Le nom de Fouga évoque encore un avion à réaction, le Fouga Magister popularisé par la Patrouille de France dans les années 1960. En fait, l’entreprise qui le conçut, fondée par Gaston Fouga (1881-1944), débuta en créant à Béziers un atelier de réparation ferroviaire dans le contexte de la grève de mai 1920 : tout comme le PO et le PLM réembauchèrent leurs ouvriers révoqués dans des ateliers privatisés (Saint-Pierre-des-Corps et Nevers- Vauzelles), Fouga reprit la gestion des ateliers de la Compagnie du Midi. Il fut même constructeur de matériel de chemin de fer développant notamment, en collaboration avec Dunlop, une automotrice restée à l’état de prototype.
La crise des transports de 1918-1921 et la création des Éts Fouga
Deux raisons, l’une conjoncturelle et l’autre structurelle, expliquent la création des Éts Fouga. La première découle de la « crise des chemins de fer » consécutive à la Première Guerre mondiale. En recouvrant leur autonomie en février 1919, les compagnies trouvèrent un réseau meurtri : installations détruites dans l’Est et le Nord, immobilisation de nombreuses locomotives pour réparation, réduction drastique des parcours due à la mauvaise qualité du charbon, voies mal entretenues, hétérogénéité du personnel recruté pour remplacer les agents mobilisés, hausse générale des prix, etc.
La loi du 24 avril 1919 dite « des 8 heures », qui limitait la durée hebdomadaire du travail à 48 heures, aggrava la situation car son application « trop stricte et trop hâtive » – entre le 1er mai et le 1er octobre 1919 – exigea l’embauche de 100000 cheminots supplémentaires non qualifiés. Ce recrutement massif accentua la diminution du rendement: un contemporain, le sénateur Jeanneney, déplora ainsi que « l’on ait enlevé aux campagnes » des travailleurs « pour surpeupler et encombrer des bureaux et des gares ». Si bien que le chemin de fer ne pouvait absorber le trafic croissant suscité par la reprise générale, supérieur de 50 % à celui de 1913. Dès le retour de la paix, les réseaux prirent des mesures d’urgence pour remettre en état le matériel roulant.
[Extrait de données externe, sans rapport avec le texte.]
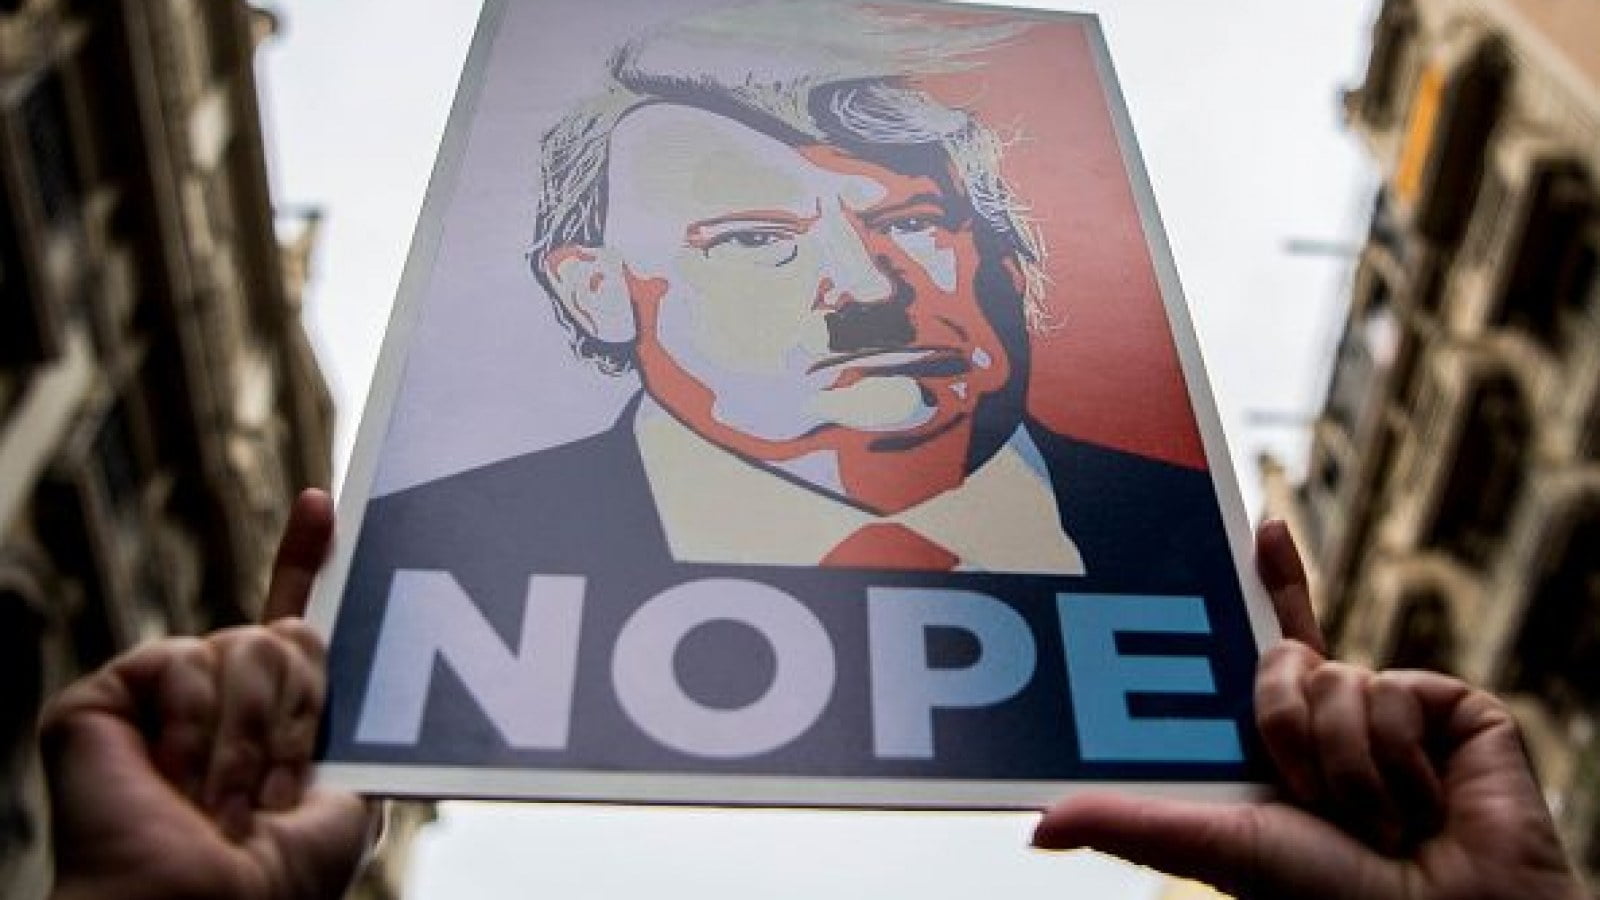 Trump placard

Ils recoururent ainsi largement à la sous-traitance mais si nombre de ces marchés eurent un caractère provisoire, d’autres furent au contraire de longue durée. Ainsi, le PLM signa en 1919 un contrat avec la Compagnie générale de construction et d’entretien du matériel roulant (CGCEM), filiale fondée avec le PO et la Société de la Marine et d’Homécourt, pour gérer ses nouveaux ateliers de Nevers entrepris avant la guerre. La même année, la Compagnie du Midi décida de créer à Béziers un atelier exploité par une société anonyme indépendante. Elle confia cette mission à l’un de ses ingénieurs qui offrait toutes les qualités d’intelligence, de puissance de travail et d’énergie requises, Gaston Fouga.
Né le 11 décembre 1881 à Bordeaux où son père était mécanicien, ce diplômé de l’école des Arts et Métiers d’Angers (1901) était entré en 1903 au service de la traction du Midi où il acquit une solide expérience professionnelle en gravissant les échelons, du chauffeur jusqu’au chef de dépôt. Mobilisé en juillet 1914, d’abord souschef de service à la 7e section des chemins de fer de campagne, il partit en 1918 avec le grade de capitaine comme chef de la traction à Salonique1.
Démobilisé en 1919, il s’investit dans la création de l’entreprise qui portera son nom. Fondée à Béziers le 6 décembre 1919 pour 99 ans, la société « Établissements Fouga et Cie » (ci-après Fouga ou Éts Fouga) avait pour objet « la création et l’exploitation de tous établissements industriels, métallurgiques et de constructions mécaniques et installations électriques de toute espèce; construction, entretien, réparation de tous objets mécaniques et notamment du matériel de chemin de fer, voitures, camions, moteurs pour services publics et privés. »
Gaston Fouga apportait notamment « la promesse de location de tous terrains et voies d’accès nécessaires à l’exploitation, les projets d’aménagement et d’organisation ainsi que la promesse de tous traités et marchés avec toutes administrations, compagnies et services publics et privés. 2 » La nouvelle société n’entendait donc pas se cantonner au seul matériel ferroviaire ni travailler pour le compte exclusif du Midi dont elle n’était pas une filiale même si elle pouvait compter sur son appui.